This guide covers what you actually need to get started with the Claude API. It assumes you have Python 3.9+ or Node.js 18+ installed and can install packages. It does not assume prior experience with LLM APIs.
Prerequisites
- An Anthropic account with API access — create one at
console.anthropic.com - An API key from the Anthropic console
- Python 3.9+ or Node.js 18+
Installation
Python:
pip install anthropic
TypeScript / Node.js:
npm install @anthropic-ai/sdk
Authentication
Keep your API key in an environment variable. Never hardcode it, never commit it to source control.
export ANTHROPIC_API_KEY="sk-ant-..."
Or use a .env file with python-dotenv (Python) or dotenv (Node.js).
First Call: Basic Completion
Python:
import anthropic
client = anthropic.Anthropic() # reads ANTHROPIC_API_KEY from environment
message = client.messages.create(
model="claude-sonnet-4-6",
max_tokens=1024,
messages=[
{"role": "user", "content": "Explain what a transformer model is in two paragraphs."}
]
)
print(message.content[0].text)
TypeScript:
import Anthropic from "@anthropic-ai/sdk";
const client = new Anthropic(); // reads ANTHROPIC_API_KEY from environment
const message = await client.messages.create({
model: "claude-sonnet-4-6",
max_tokens: 1024,
messages: [
{ role: "user", content: "Explain what a transformer model is in two paragraphs." },
],
});
console.log(message.content[0].text);
The response object contains message.content (array of content blocks), message.usage (input and output token counts), and message.stop_reason (why generation stopped).
System Prompts
The system parameter sets context for the conversation. Use it to define the model's role, constraints, and output format.
message = client.messages.create(
model="claude-sonnet-4-6",
max_tokens=1024,
system="You are a technical writer. Respond concisely and use code examples where relevant. Do not use marketing language.",
messages=[
{"role": "user", "content": "What is a vector embedding?"}
]
)
Multi-Turn Conversations
The messages array holds the conversation history. The API is stateless — each call must include the full history you want the model to consider.
messages = [
{"role": "user", "content": "What is RAG in the context of LLMs?"},
]
response = client.messages.create(
model="claude-sonnet-4-6",
max_tokens=1024,
messages=messages
)
# Add the reply to history and continue
messages.append({"role": "assistant", "content": response.content[0].text})
messages.append({"role": "user", "content": "What are the main failure modes?"})
response2 = client.messages.create(
model="claude-sonnet-4-6",
max_tokens=1024,
messages=messages
)
Streaming Responses
For interactive applications, streaming delivers tokens as they are generated.
Python:
with client.messages.stream(
model="claude-sonnet-4-6",
max_tokens=1024,
messages=[{"role": "user", "content": "Explain attention mechanisms."}]
) as stream:
for text in stream.text_stream:
print(text, end="", flush=True)
Getting Structured JSON Output
import json
message = client.messages.create(
model="claude-sonnet-4-6",
max_tokens=1024,
system="You are a data extraction assistant. Always respond with valid JSON only. No explanation, no markdown fencing.",
messages=[
{
"role": "user",
"content": "Extract the key claims from this text as JSON with keys: claims (array), confidence (high/medium/low).\n\nText: The model achieves 94.2% accuracy on MMLU, outperforming the previous generation by 8 percentage points."
}
]
)
data = json.loads(message.content[0].text)
print(data)
Error Handling
try:
message = client.messages.create(
model="claude-sonnet-4-6",
max_tokens=1024,
messages=[{"role": "user", "content": "Hello"}]
)
except anthropic.APIConnectionError as e:
print(f"Connection failed: {e}")
except anthropic.RateLimitError as e:
print(f"Rate limit hit — implement exponential backoff")

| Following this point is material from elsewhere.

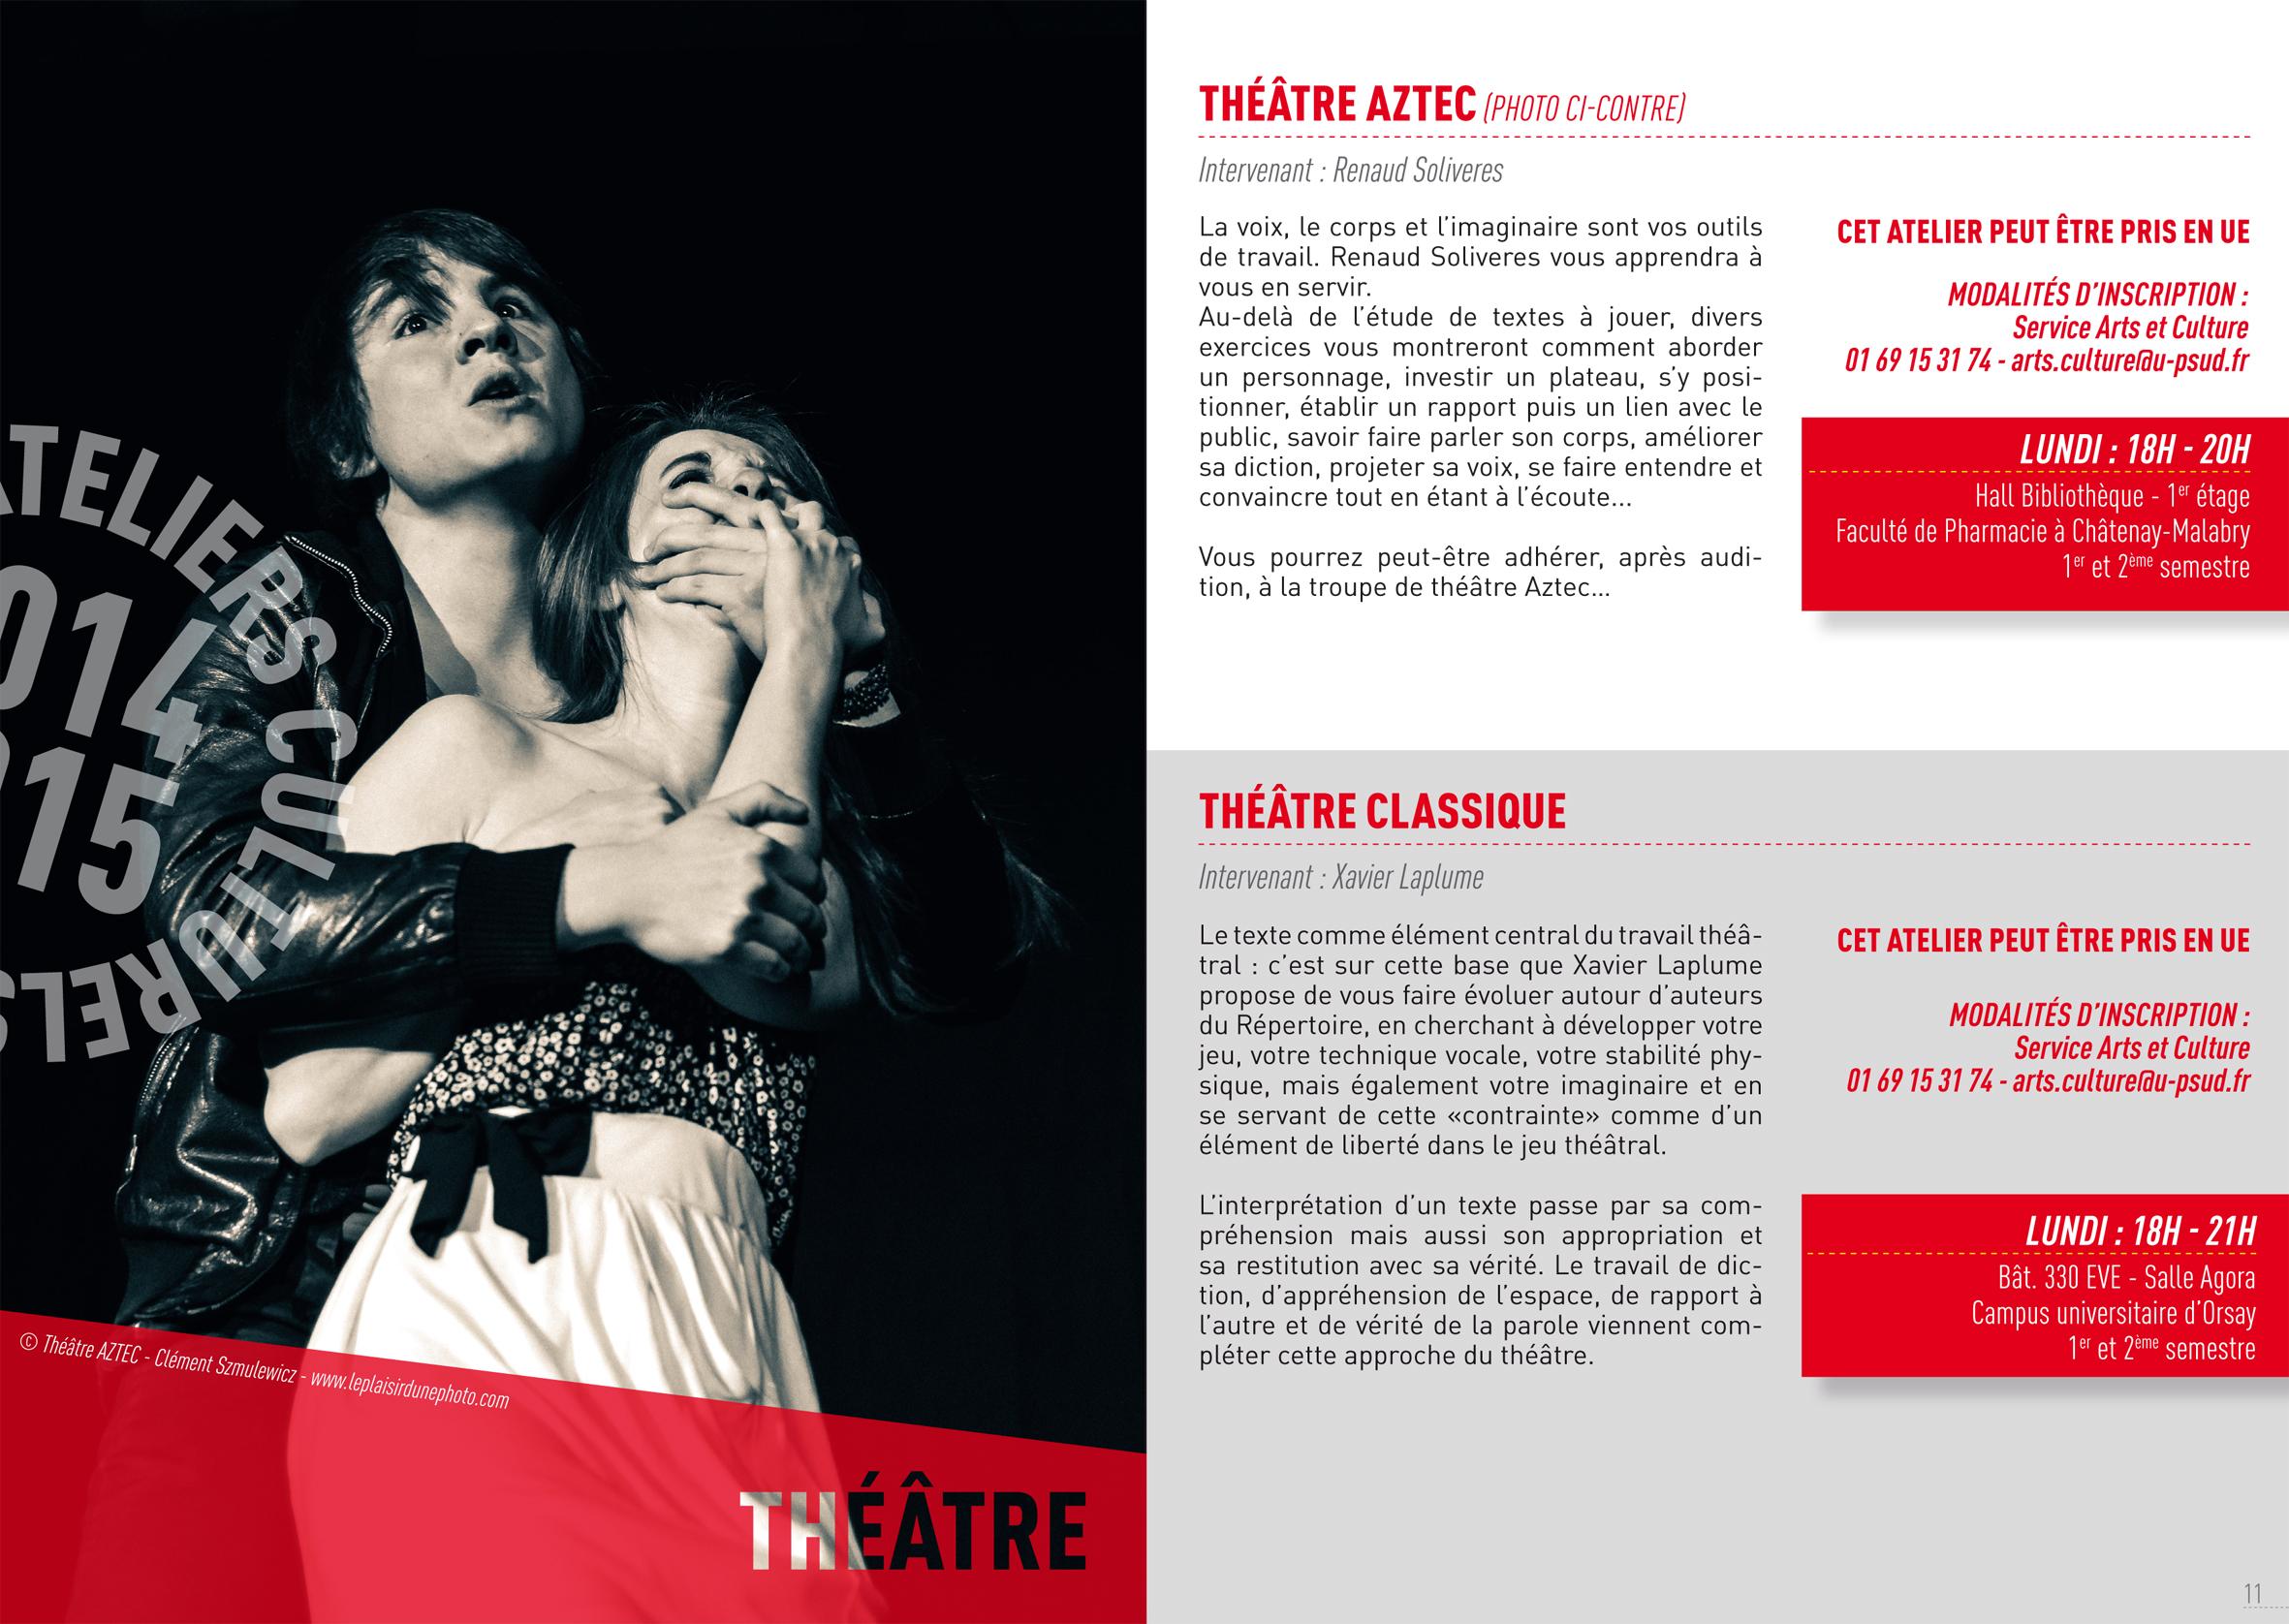 Livret_ateliers_culturels_2014-2015

except anthropic.APIStatusError as e:
print(f"API error {e.status_code}: {e.message}")
For production, implement retry logic with exponential backoff for rate limit errors (429) and transient server errors (5xx).
Model Selection
| Model | Context | Best for |
|---|---|---|
claude-opus-4-7 |
200K tokens | Complex reasoning, long-form analysis |
claude-sonnet-4-6 |
200K tokens | Balanced capability and speed |
claude-haiku-4-5-20251001 |
200K tokens | Fast, cost-efficient tasks |
Use Sonnet for most production workloads. Use Haiku where latency and cost matter more than maximum capability. Use Opus for tasks requiring the highest reasoning capability.
Next Steps
Once you have basic completions working: explore tool use (function calling) to allow Claude to call functions in your code; prompt caching to reduce latency and cost on repeated calls; the Batch API for processing large volumes asynchronously at reduced cost.
The official documentation at docs.anthropic.com covers all of these in detail. This guide is a starting point; the documentation is the authoritative reference.